2022 was a rough year for investors –how did you go about navigating it?

During the first quarter of 2022 we progressively cut equity exposure, culminating in the lowest equity weighting (24%) we have run since the inception of the fund in 2012. This was in light of our assessment that the risk-return trade-off for global equities was particularly poor, given heightened geopolitical risk and complicated central bank policy at that point. Subsequent to that tactical downweighting, the MSCI World Index fell over 12% over the following few weeks.

Having entered 2022 with very little developed-market government bond exposure, we increased exposure to fixed income throughout most of 2022 as yields began to normalise.

Since the beginning of December, we have again downweighted our position in risk assets.

How are you positioning the fund going forward, considering worries about a global recession, inflation, and high interest rates?

We continue to believe that the US economy is capable of a soft landing, albeit that growth will slow materially. In the UK and Europe, the slowdown is more a function of food and energy prices spiking while consumer confidence has fallen.

In equity markets it will feel like a recession, even if the economy avoids one, because the parts that are slowing the most are the ones the equity market is most exposed to. In other words, we are likely to have an earnings recession, and the market has not priced this in, in our view.

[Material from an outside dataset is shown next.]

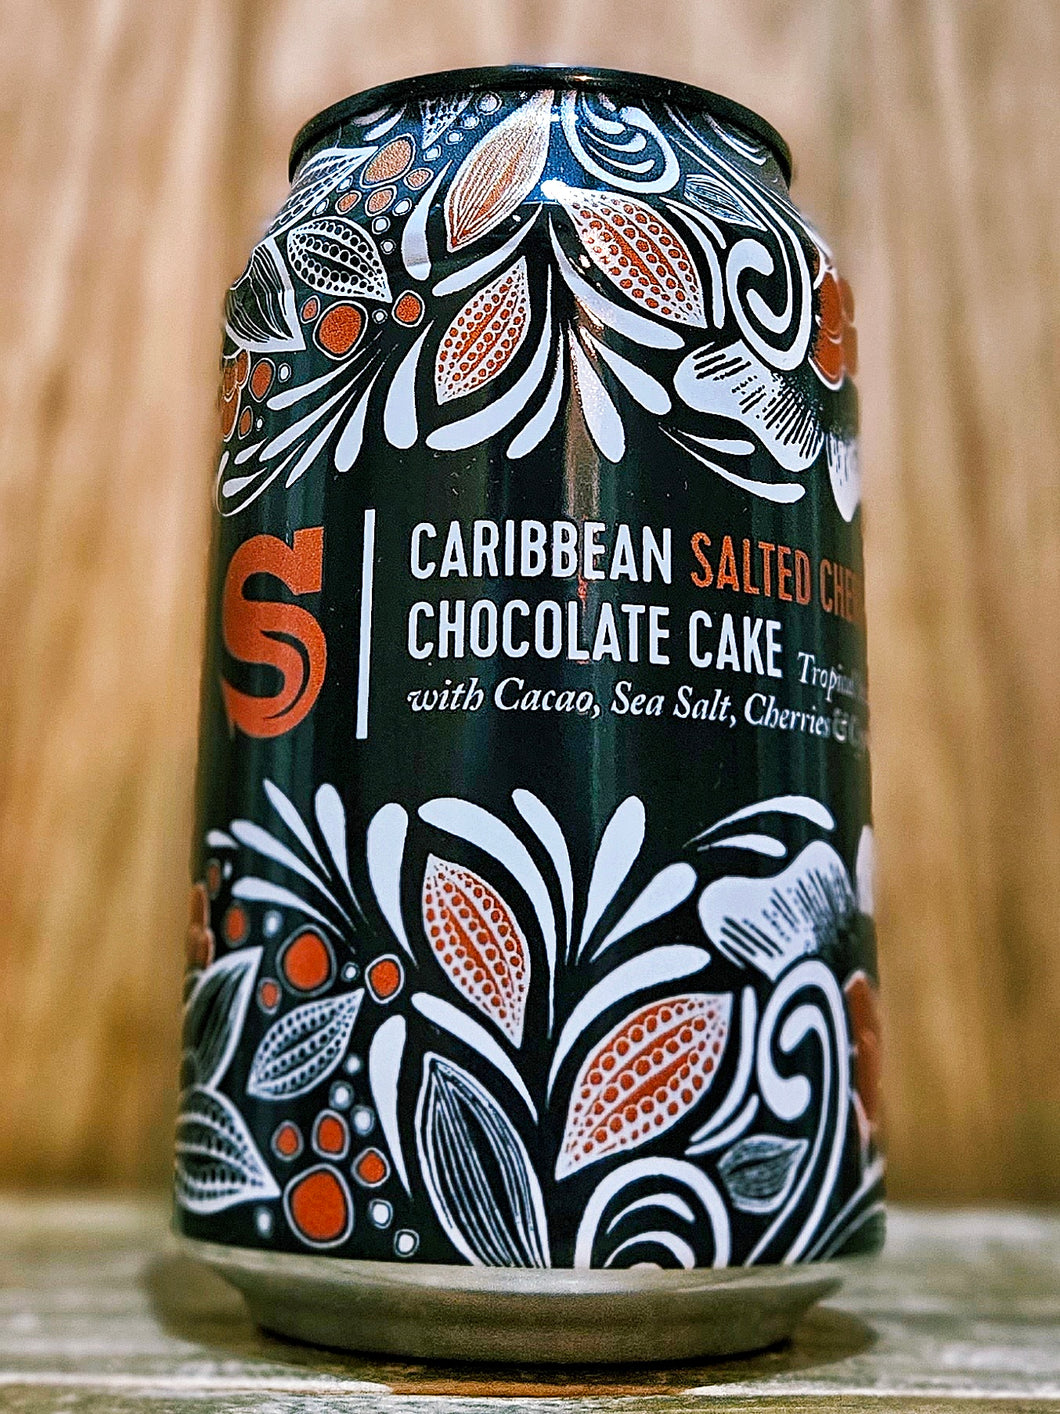 Siren - Caribbean Salted Cherry Chocolate Cake

We are very overweight in fixed income, across both government bonds (developed and emerging markets) and credit. Given our view of markedly slower growth in 2023, together with a sharp fall-off in inflation in the short term, government bond yields have the potential to fall, especially in the US.

In general, with higher yields today across the curve and credit spectrum, we feel that the opportunity cost of being underweight equities and overweight both short- and long-duration fixed income is materially lower than it was 12 months ago – even if our view on equities proves incorrect.

Portfolio manager Riaan Wagner and Ryan Friedman, head of multi-manager investments at Investec Wealth and Investment, collect the trophy from Personal Finance editor Martin Hesse.